Шрифт:
Интервал:
Закладка:
– Уверен, Уэйд Ланье наймет консультанта по отбору присяжных, – возразил Джейк. – Он всегда так делает. Я просто хочу сравнять шансы, вот и все.
– Вы пользовались услугами такого консультанта в деле Хейли? – спросил судья Этли.
– Нет, сэр. За то дело я получил всего девятьсот долларов. К моменту окончания процесса мне нечем было оплатить телефонные счета.
– Тем не менее вы выиграли процесс. Меня начинают беспокоить расходы по этому делу.
– Наследство оценивается в двадцать четыре миллиона, судья. Мы не потратили и одного процента от этой суммы.
– Да, но при темпах, которые вы задали, продлится это недолго.
– Но я не раздуваю расходы искусственно.
– Я не имею в виду ваш гонорар, Джейк. Но мы уже заплатили бухгалтерам, оценщикам, Квинсу Ланди, сыщикам, стенографисткам, а теперь еще придется платить экспертам, которые будут выступать свидетелями на процессе. Я понимаю, все это нам приходится делать, потому что Сет Хаббард совершил глупость, написав такое завещание, хотя прекрасно знал, что за наследство пойдет безобразная драка. Тем не менее защищать его наследство – наша обязанность.
Судья произнес это так, будто деньги утекали из его собственного кармана. Интонация была явно осуждающей, и Джейку вспомнилось предостережение Гарри Рекса. Он тяжело вздохнул и решил оставить тему. Получив два щелчка по носу – фактический отказ перенести процесс и отказ оплатить услуги консультанта, – Джейк решил дальше не испытывать судьбу. Как-нибудь в другой раз. Не так уж это важно.
Вдруг он услышал, что судья Этли похрапывает.
Боуаз Риндс жил в унылом, запущенном доме престарелых на обочине шоссе, которое с юга на север пересекало маленький городок Пелл-Сити, штат Алабама. После четырехчасового пути, с объездами, неверными поворотами и попаданиями в тупики, Порция и Летти добрались-таки до места в субботу после полудня.
Поговорив с дальними родственниками в Чикаго, Чарли Пардью сумел напасть на след Боуаза. Чарли развил бурную деятельность и старался поддерживать постоянный контакт со своей вновь обретенной горячо любимой кузиной. Выгода от покупки похоронного бюро с каждой неделей становилась все очевиднее, и приближалось время для нанесения решающего удара.

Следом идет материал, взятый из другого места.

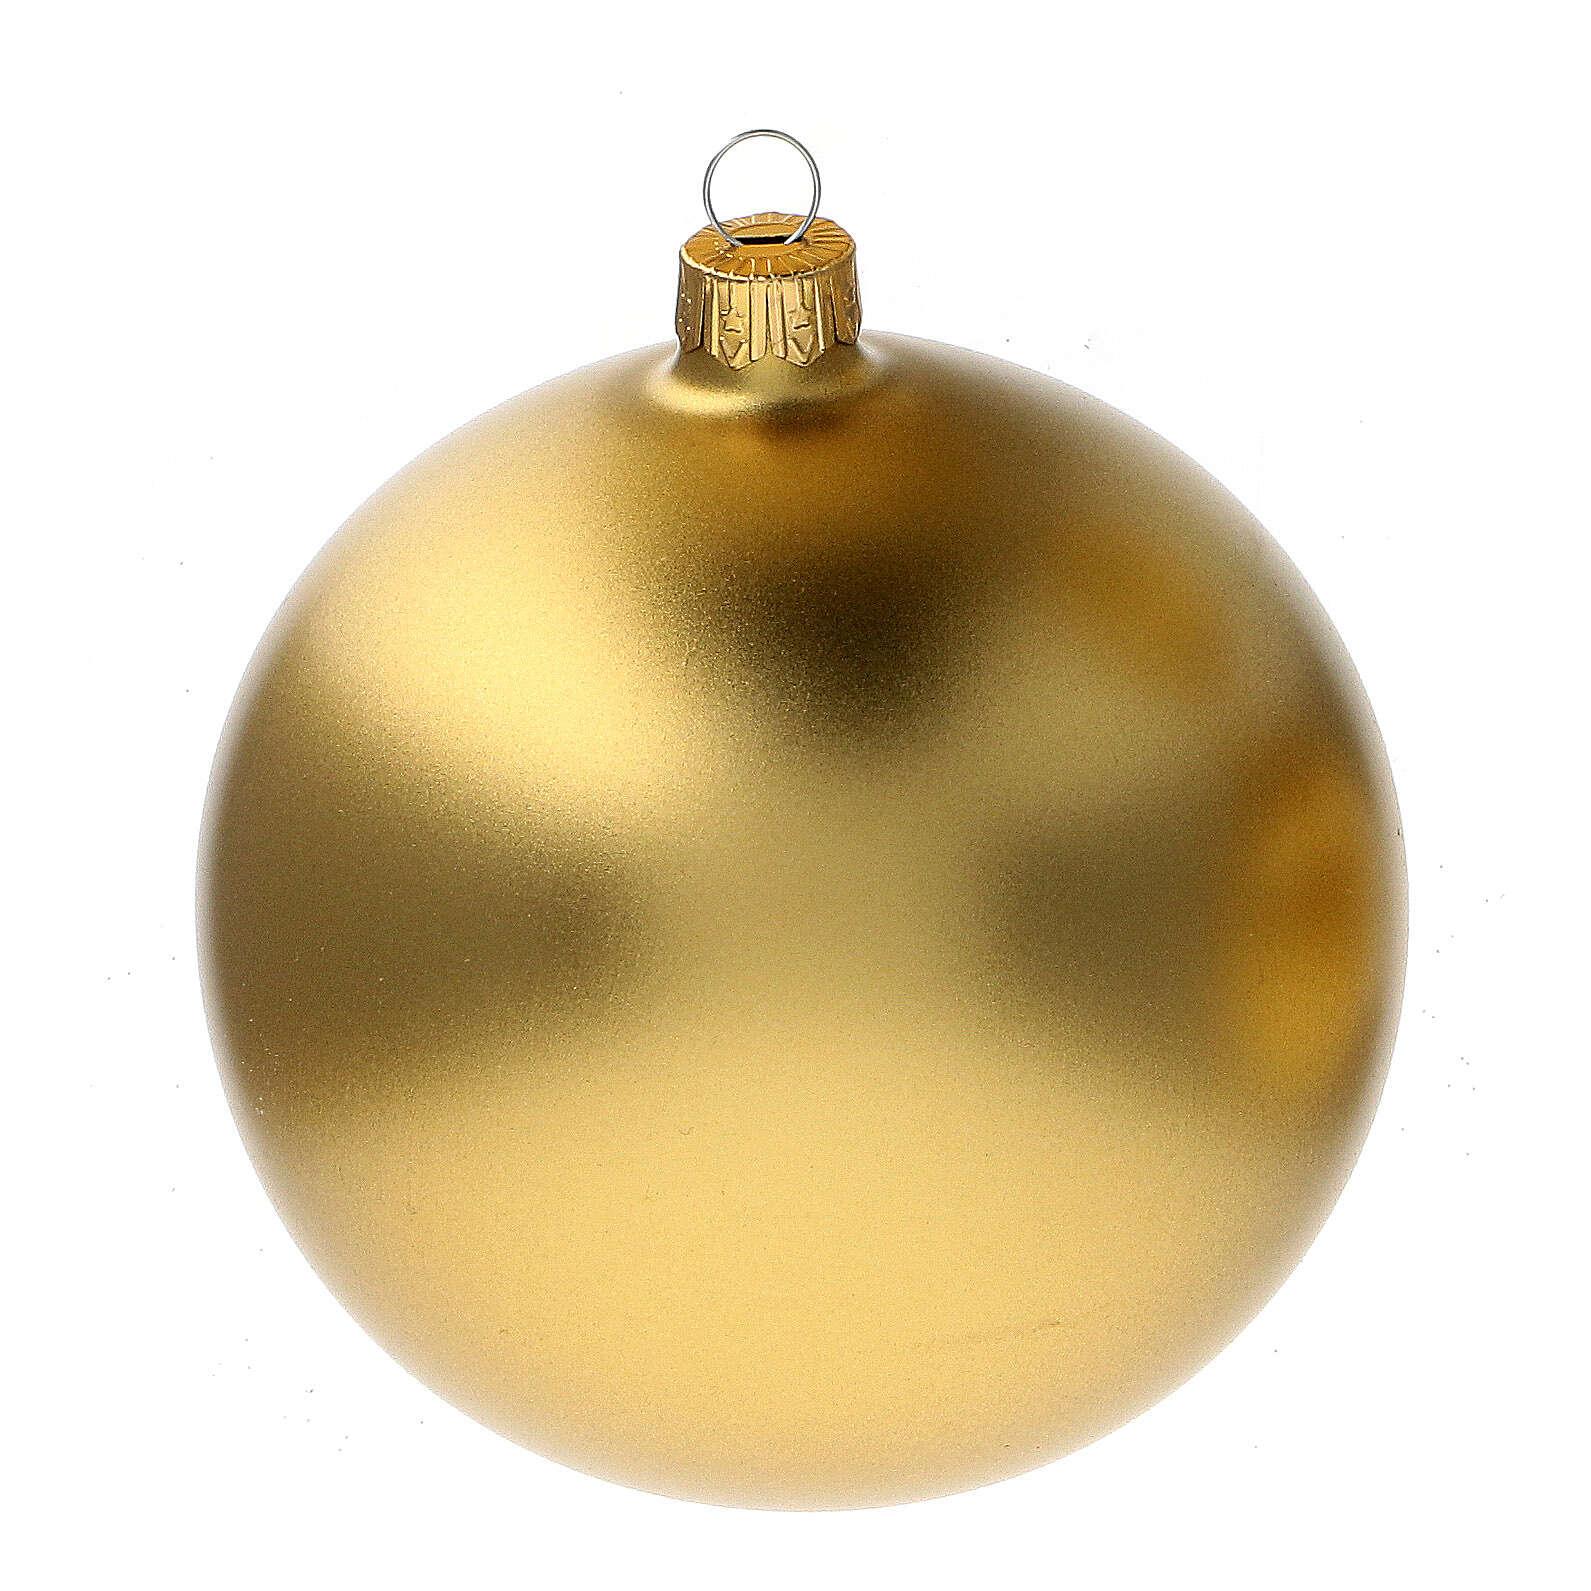 Bolas árvore de Natal vidro soprado ouro opaco 100 mm 4 unidades 4

Боуаз был чрезвычайно слаб здоровьем и почти ничего не слышал. Он передвигался в инвалидном кресле, но сам управлять им не мог. Его вывезли на бетонную площадку и оставили в обществе двух приехавших женщин.
Боуаз был счастлив, что кто-то его навестил. Судя по всему, других посетителей в эту субботу в доме не было. Он сообщил, что родился «приблизительно» в 1920 году где-то возле Тьюпело, и его родителями были Ребекка и Монро Риндс. Это означало, что ему всего лет шестьдесят восемь, во что было трудно поверить. Выглядел он куда старше: белые как лунь волосы, множество морщин вокруг остекленелых глаз… Он признался, что у него больное сердце и что когда-то он был заядлым курильщиком.

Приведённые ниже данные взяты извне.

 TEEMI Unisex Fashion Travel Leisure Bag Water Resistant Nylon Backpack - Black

Порция поведала, что они с матерью пытаются восстановить свою родословную и что, вероятно, они состоят с ним в родстве. Он улыбнулся жалкой беззубой улыбкой. Порция знала, что в архивах округа Форд нет записи о рождении Боуаза Риндса, но к тому времени ей уже было известно, как неполно и бессистемно велись тогда записи.
Он рассказал, что у него было два сына, оба умерли, и жена скончалась много лет назад. Если у него есть внуки, то он их не знает – его никто ни разу не навестил. Судя по окружающей обстановке, Боуаз был здесь не единственным всеми забытым стариком. Говорил он медленно, время от времени замолкал, потирая лоб и пытаясь что-то вспомнить. Минут десять спустя стало ясно, что он страдает слабоумием.

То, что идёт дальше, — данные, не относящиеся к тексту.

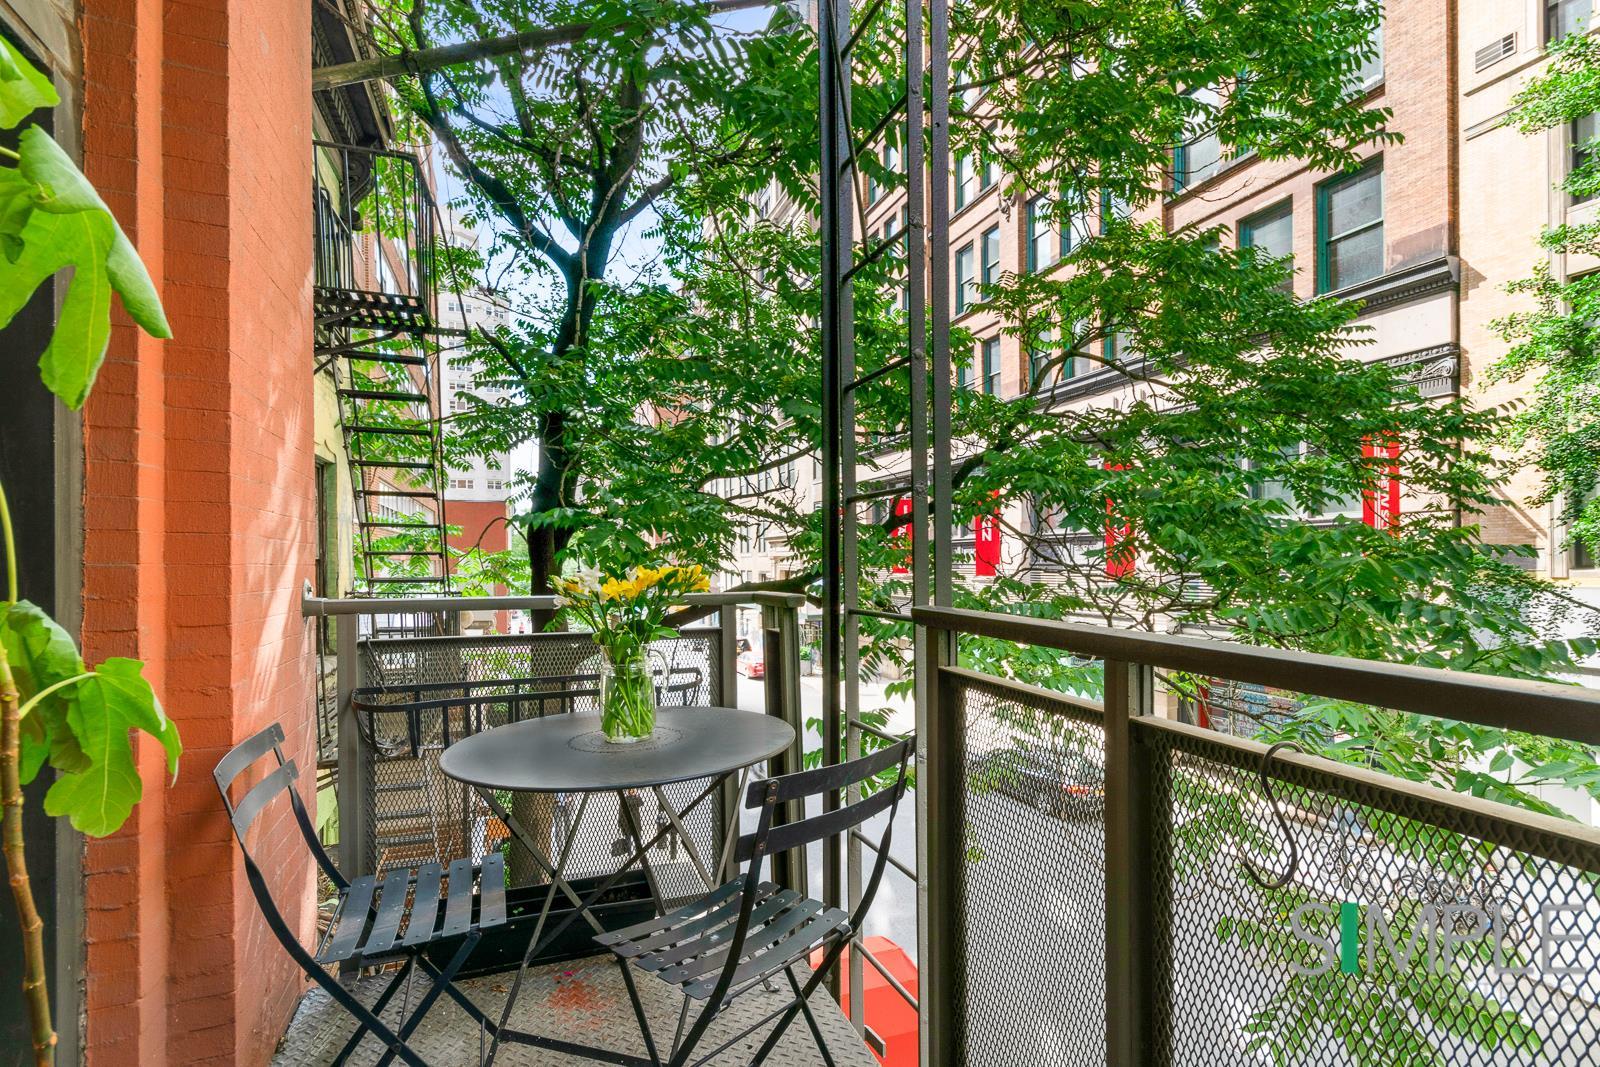 42 West 13th Street Greenwich Village New York NY 10011

Боуаз прожил суровую, можно сказать, жестокую жизнь. Его родители были сезонными рабочими, постоянно перемещавшимися по всему Миссисипи и Алабаме, таская за собой большую семью – семеро детей – с одного хлопкового поля на другое. Боуаз помнил, что начал собирать хлопок, когда ему было пять лет. Никогда не ходил в школу, и у семьи никогда не было постоянного места жительства. Они ютились в случайных хижинах и палатках, часто голодали. Отец умер молодым и был похоронен на задворках погоста церкви для черных неподалеку от Сельмы. Мать сошлась с мужчиной, который нещадно бил детей. Боуаз с братом сбежали и никогда больше не возвращались.
Порция записывала, а Летти деликатно задавала вопросы. Боуазу нравилось внимание. Служительница принесла чай со льдом. Он не мог вспомнить имен своих дедов и бабок и вообще ничего о них не помнил, но предполагал, что они жили в Миссисипи. Летти назвала ему несколько имен – все из семейства Риндс. Боуаз наморщил лоб, но вынужден был признать, что ни о ком из них не слышал. Но когда она произнесла: «Сильвестр Риндс», он энергично закивал.
– Это мой дядя. Сильвестр Риндс. Они с моим отцом были двоюродными братьями.
Сильвестр родился в 1898-м, умер в 1930-м. У него было восемьдесят акров земли, которую его жена передала по акту Клеону Хаббарду, отцу Сета. Если Монро Риндс, отец Боуаза, доводился Сильвестру двоюродным братом, то на самом деле дядей Боуаза он быть не мог. Впрочем, учитывая причудливый характер родового древа Риндсов, поправлять его они не стали, тем более что были очень взволнованы полученной информацией. Летти начинала верить, что ее биологической матерью была Лоуис Риндс, дочь Сильвестра, и горела желанием это доказать.
– У Сильвестра ведь была какая-то земля, правда? – спросила она.
Привычный кивок, улыбка.
– Кажется, была. Думаю, да.
– Вы когда-нибудь жили на этой земле?
Он почесал лоб:
– Думаю, да. Да, когда был маленьким. Теперь вспоминаю: я собирал хлопок на поле у своего дяди. Да-да, вспоминаю. И еще мы ссорились и дрались из-за платы за сбор хлопка. – Он вытер губы, пробормотал что-то нечленораздельное и замолчал.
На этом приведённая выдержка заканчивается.